Following digestion, the cell suspension was centrifuged at 3500 rpm for 10 min at room temperature to pellet the released cells. The supernatant was carefully discarded, and the pellet was resuspended in PBS. The resulting suspension was then passed through a 40 µm sterile cell strainer to remove undigested tissue fragments and obtain a single-cell suspension. The filtrate containing viable isolated cells was collected into a fresh sterile 50 mL falcon tube. Finally, the cells were counted, viability was checked by trypan blue exclusion, and the desired cell concentration was adjusted before transferring the suspension into the bioink for further applications.

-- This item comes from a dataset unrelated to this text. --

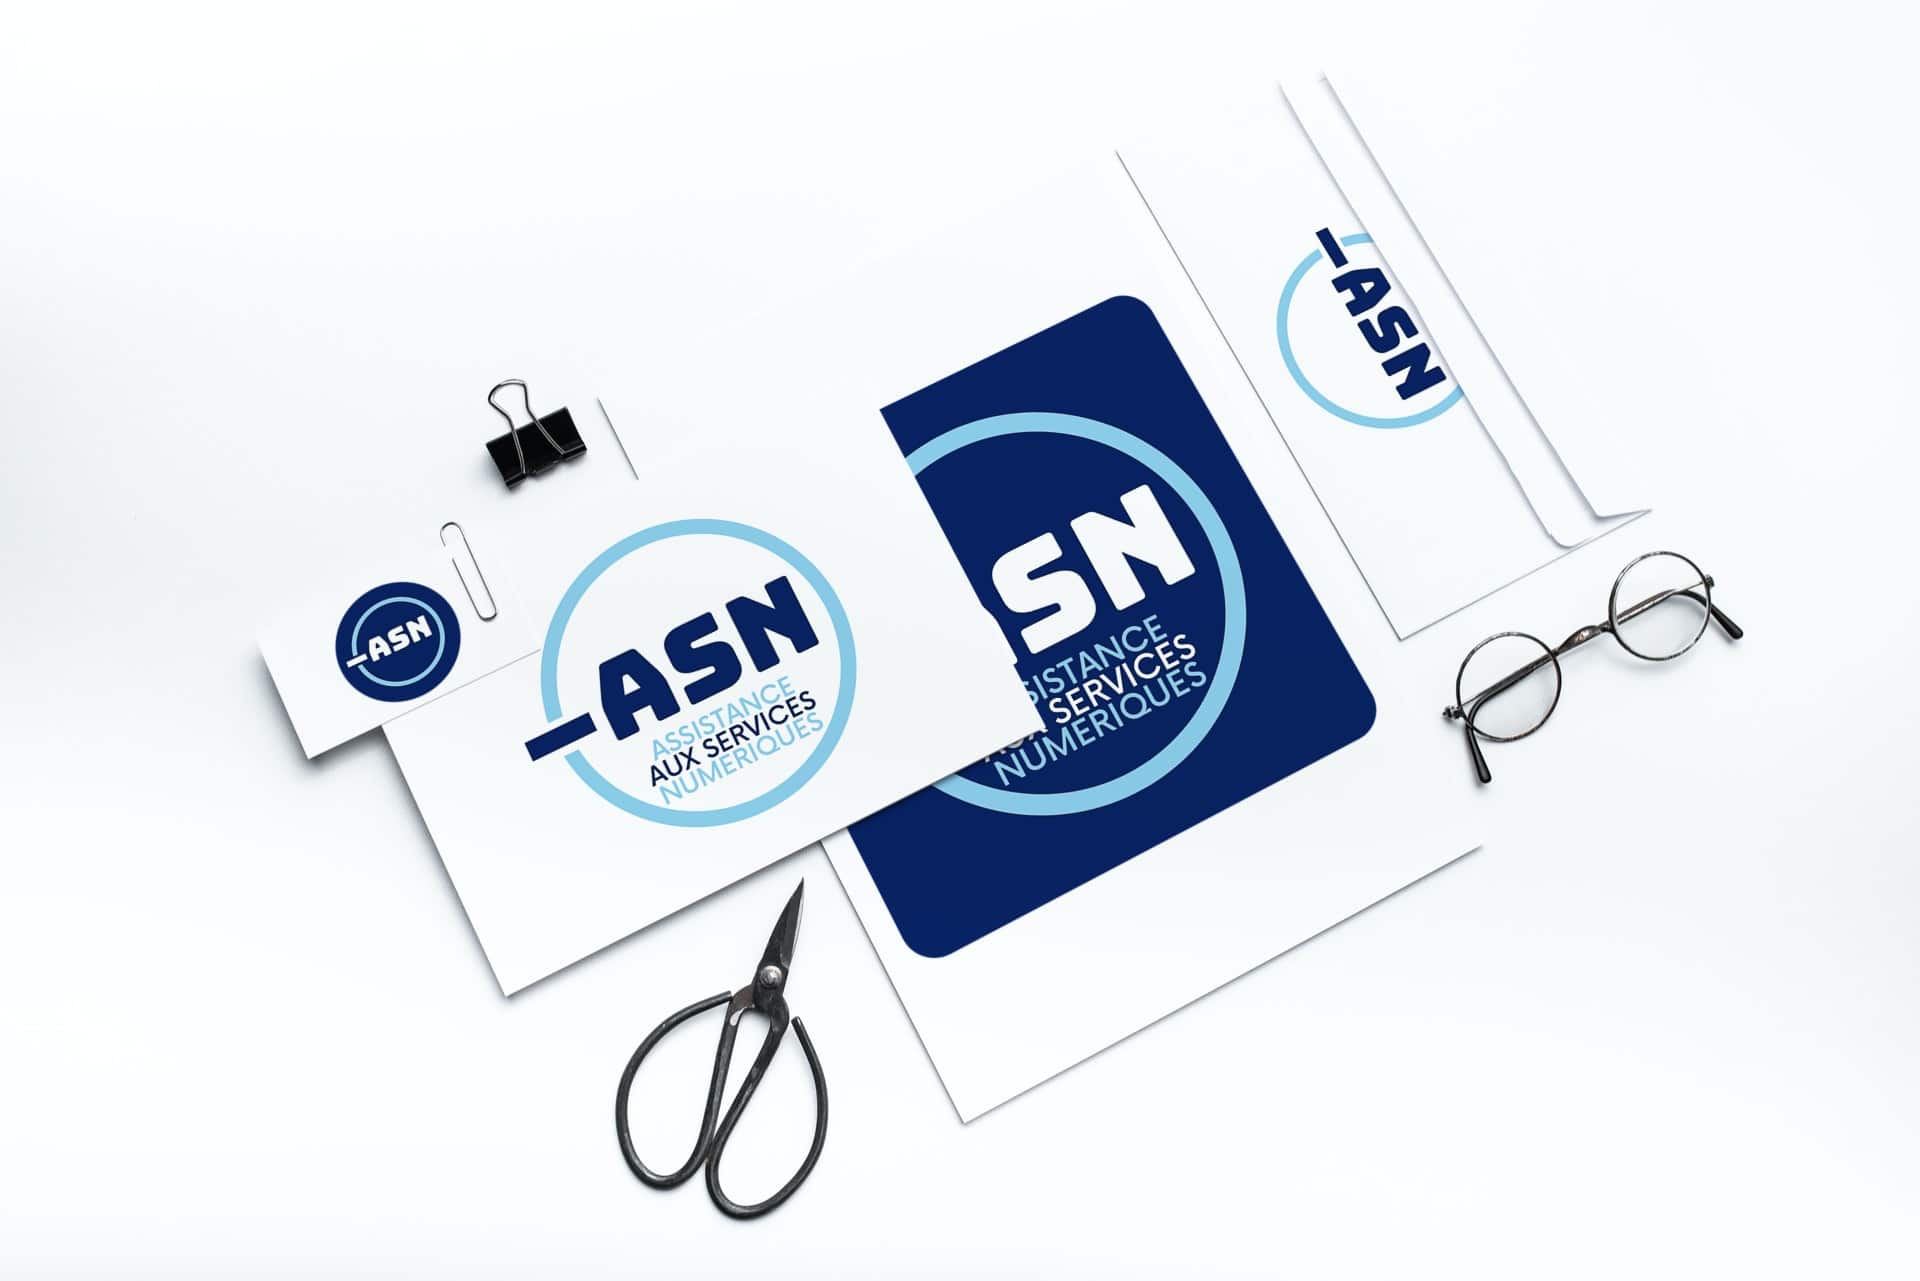 logo ASN

Parathyroid cells were 3D bioprinted using the Axo A2 bioprinter system (Axolotl Biosystems, Ankara, Turkey) maintained at 37 °C under sterile conditions, as previously described [21] (Figure 1). Prior to bioprinting, alginate powder was sterilized by ultraviolet (UV) irradiation for 30 min to ensure the removal of potential contaminants. Under aseptic conditions, isolated parathyroid cells were homogeneously suspended in a 6% (w/v) aqueous alginate solution to prepare the cell-laden bioink. The final bioink was carefully loaded into sterile cartridges and bioprinted into predefined scaffold structures using the Axo A2 system. To ensure structural stability for in vivo applications, the bioprinted constructs were cross-linked using 0.5 M calcium chloride (CaCl_2_).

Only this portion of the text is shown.